Pero ahora quiero hablar del mundo en el que me toco vivir a mi, alejada de todos esos seres misteriosos, pero cercana a otro tipo de seres, que a lo largo de mi vida no me he vuelto a encontrar. Mi abuelo creía firmemente en la vida con propósito, todos venimos a este mundo a cumplir con algo, una linea de vida diseñada por Dios, el suyo era ayudar al prójimo, no importaba de donde venían, mujeres, hombres o niños, todos eran bienvenidos y todos eran hijos de Dios, todos eramos como decía mi abuelo, hermanos y había que protegernos, cuidarnos y amarnos, era difícil entender a esa edad como amar a un ser extraño, ajeno a tu familia, pero aprendes rápido cuando puedes ver el ejemplo, y el era un gran ejemplo.

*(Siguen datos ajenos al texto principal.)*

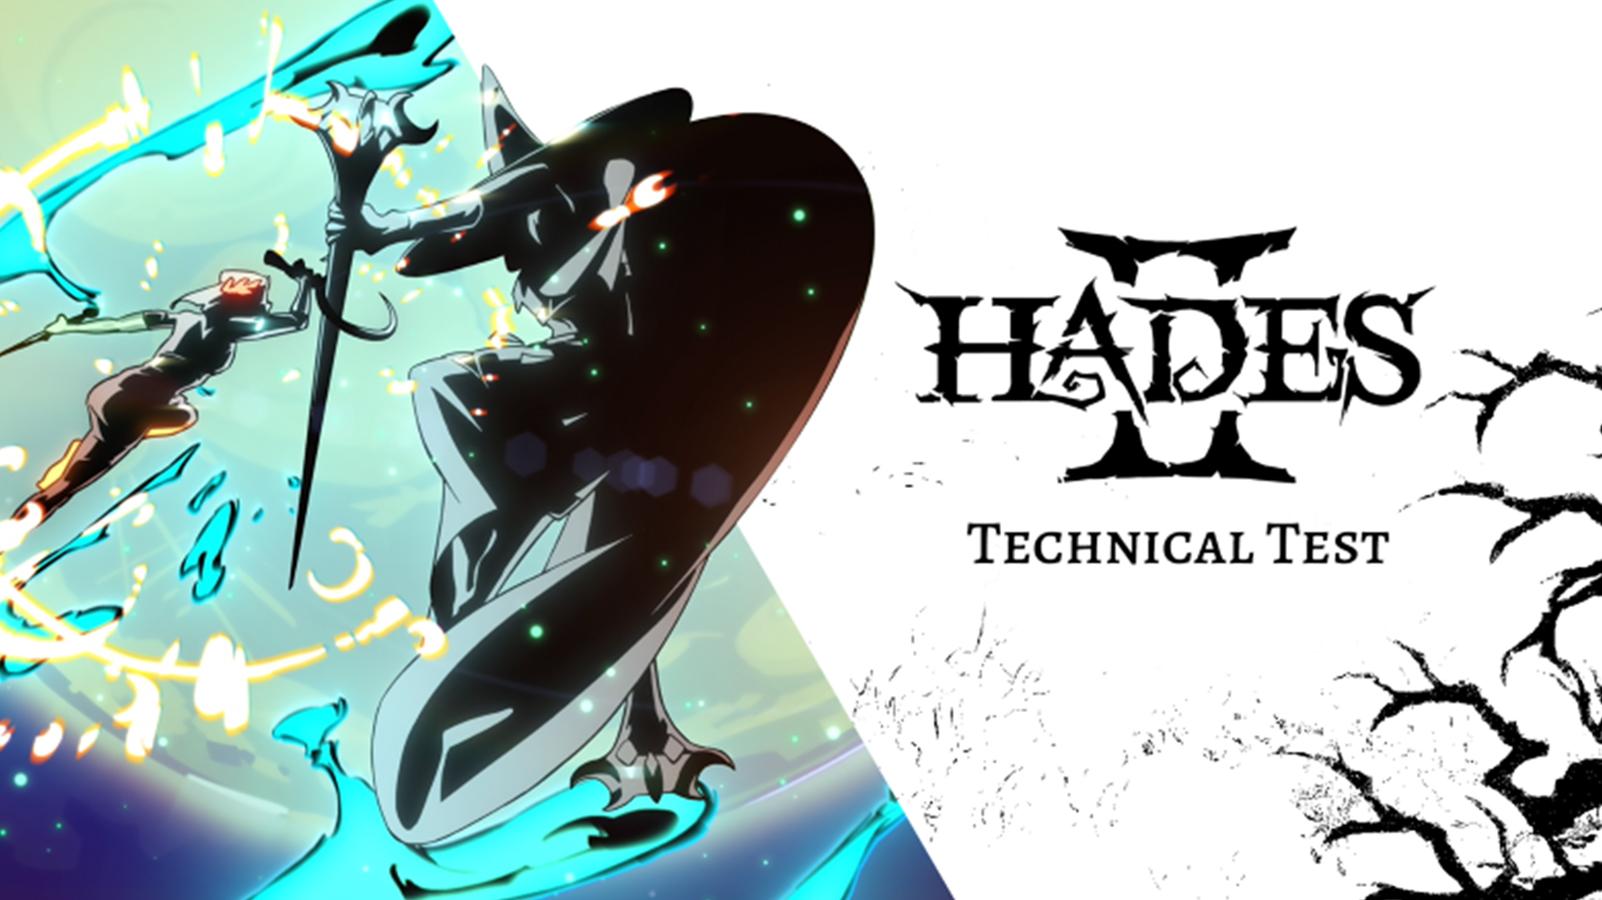 Hades 2 Technical Test cover art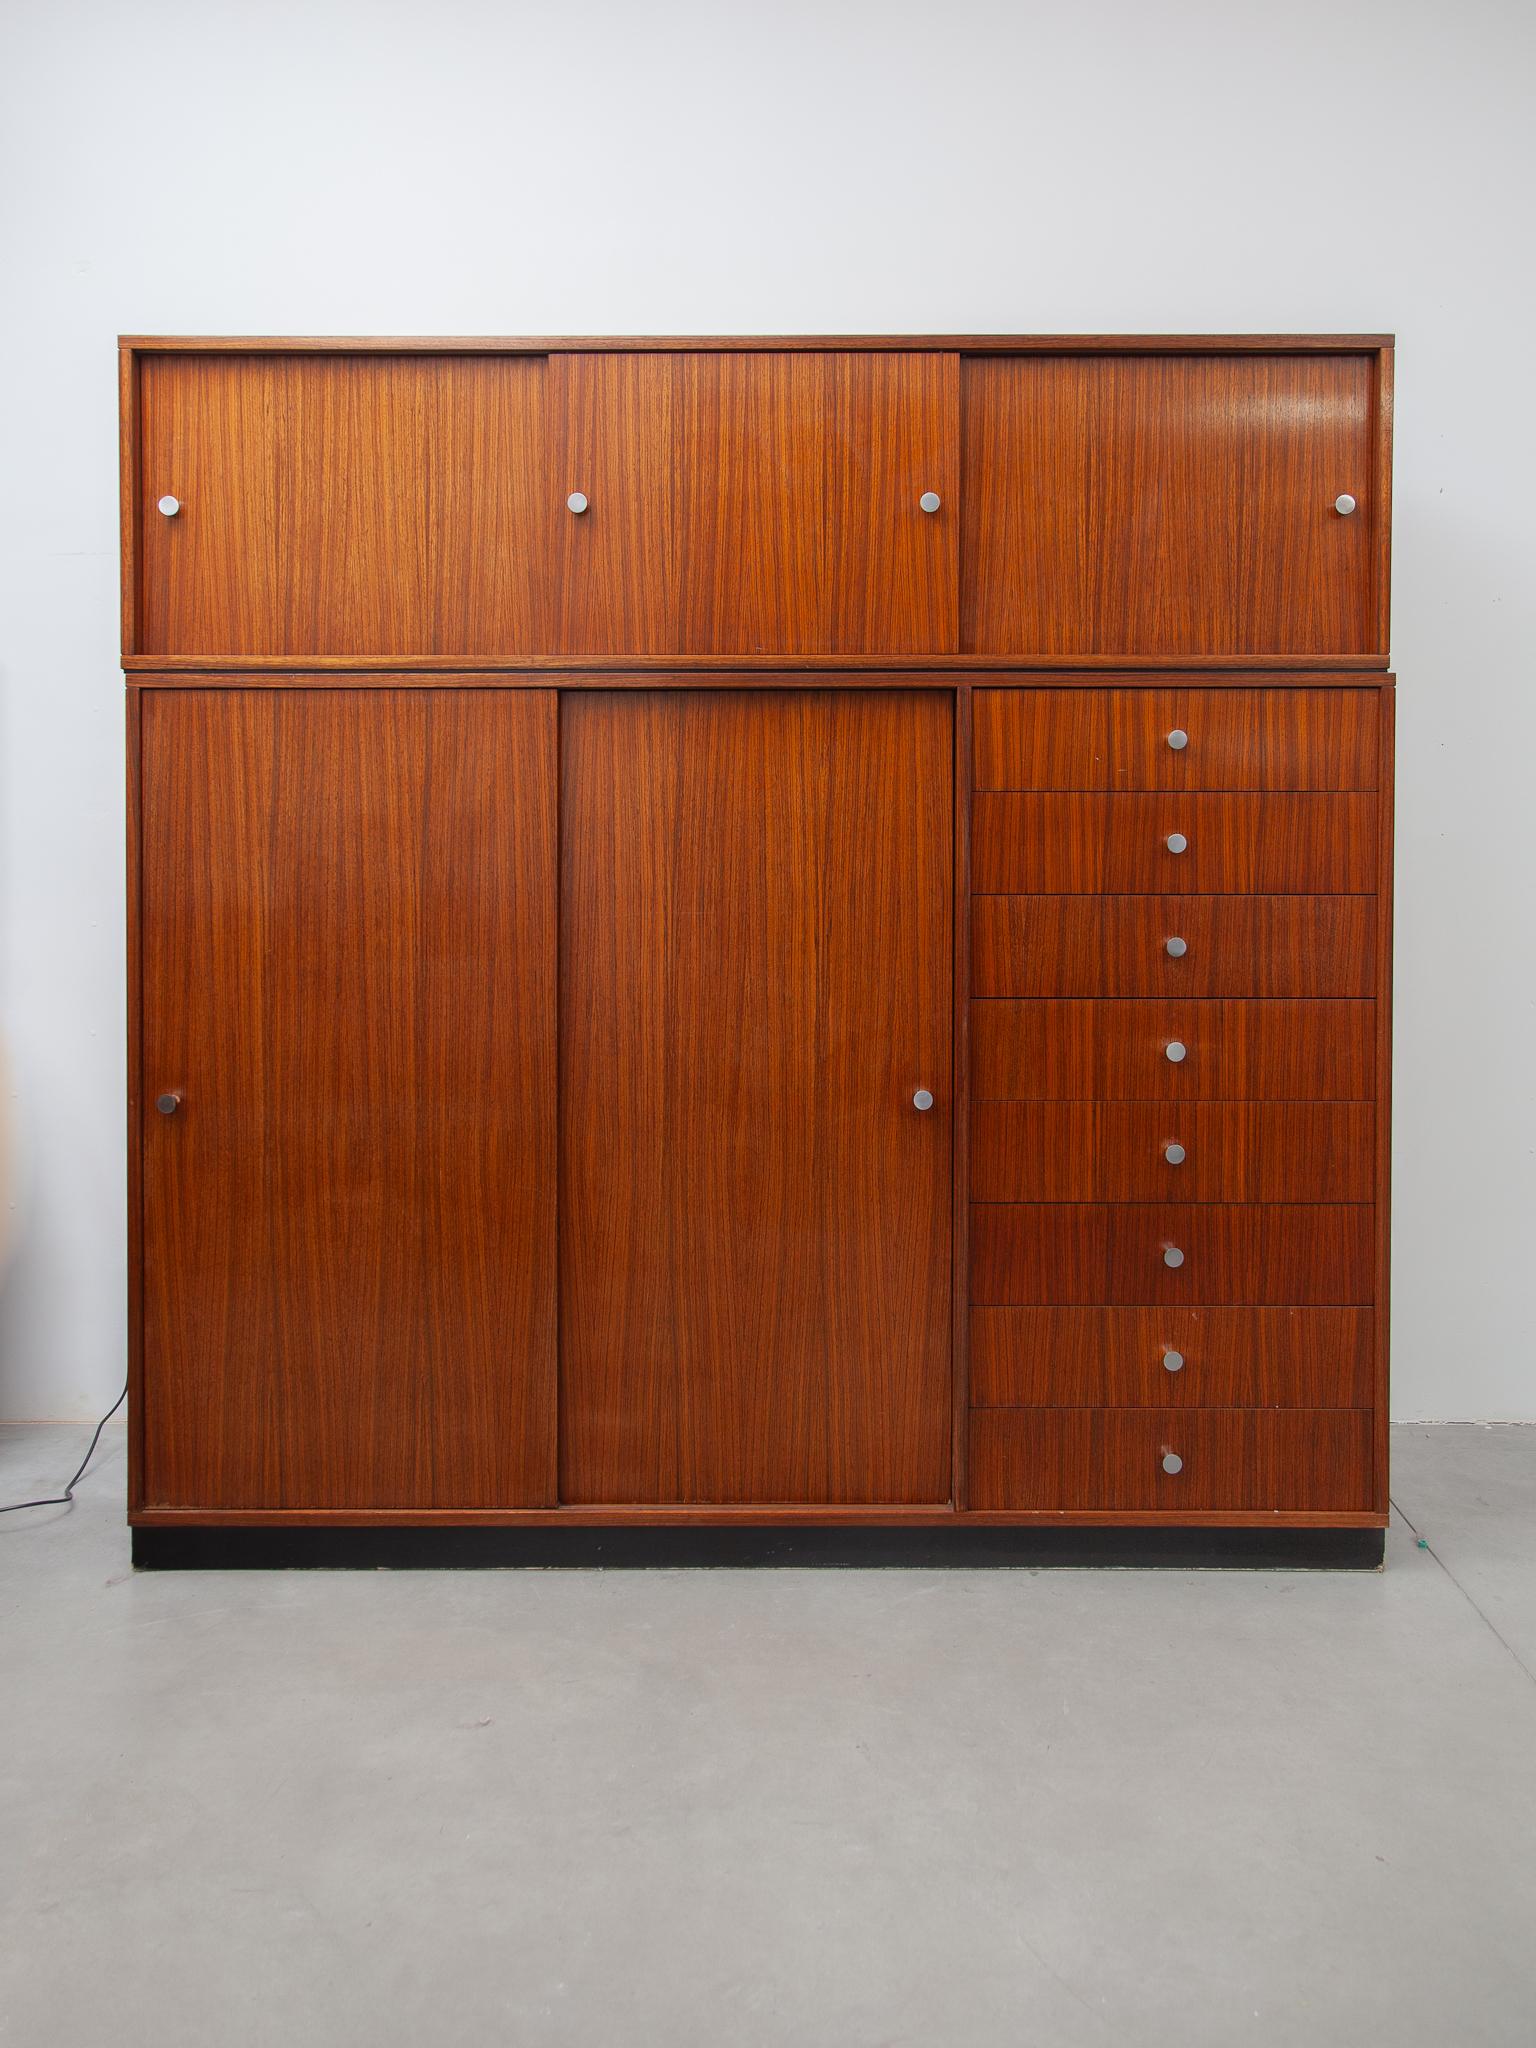 Beautiful wall unit wardrobe, cabinet designed in pure lines by Alfred Hendricks for Belform. A rare version of the design that is practical to use for a wardrobe. Beside the eight large drawers the furniture is featured into a side for hanging

Mi casa era conocida por todo el pueblo, sabían que si tenían hambre, sed, frío o sentían soledad, ahí podrían ser atendidos, no importaba si te encontrabas en situación de calle o gozaras de tener un hogar al cual llegar, todos en un momento necesitan ayuda, ya sea comida, cobija, o un hombro en el cual llorar, y al parecer todo eso lo tenía mi abuelo. En ocasiones tocaban a la puerta pidiendo algo que comer, y todos sabíamos que hacer, compartir lo que había era nuestro deber, pero si corrían con suerte y mi abuelo se encontraba en casa, los hacía pasar y sentarse a la mesa y compartía lo que había incluso un pequeño lugar dentro de la familia.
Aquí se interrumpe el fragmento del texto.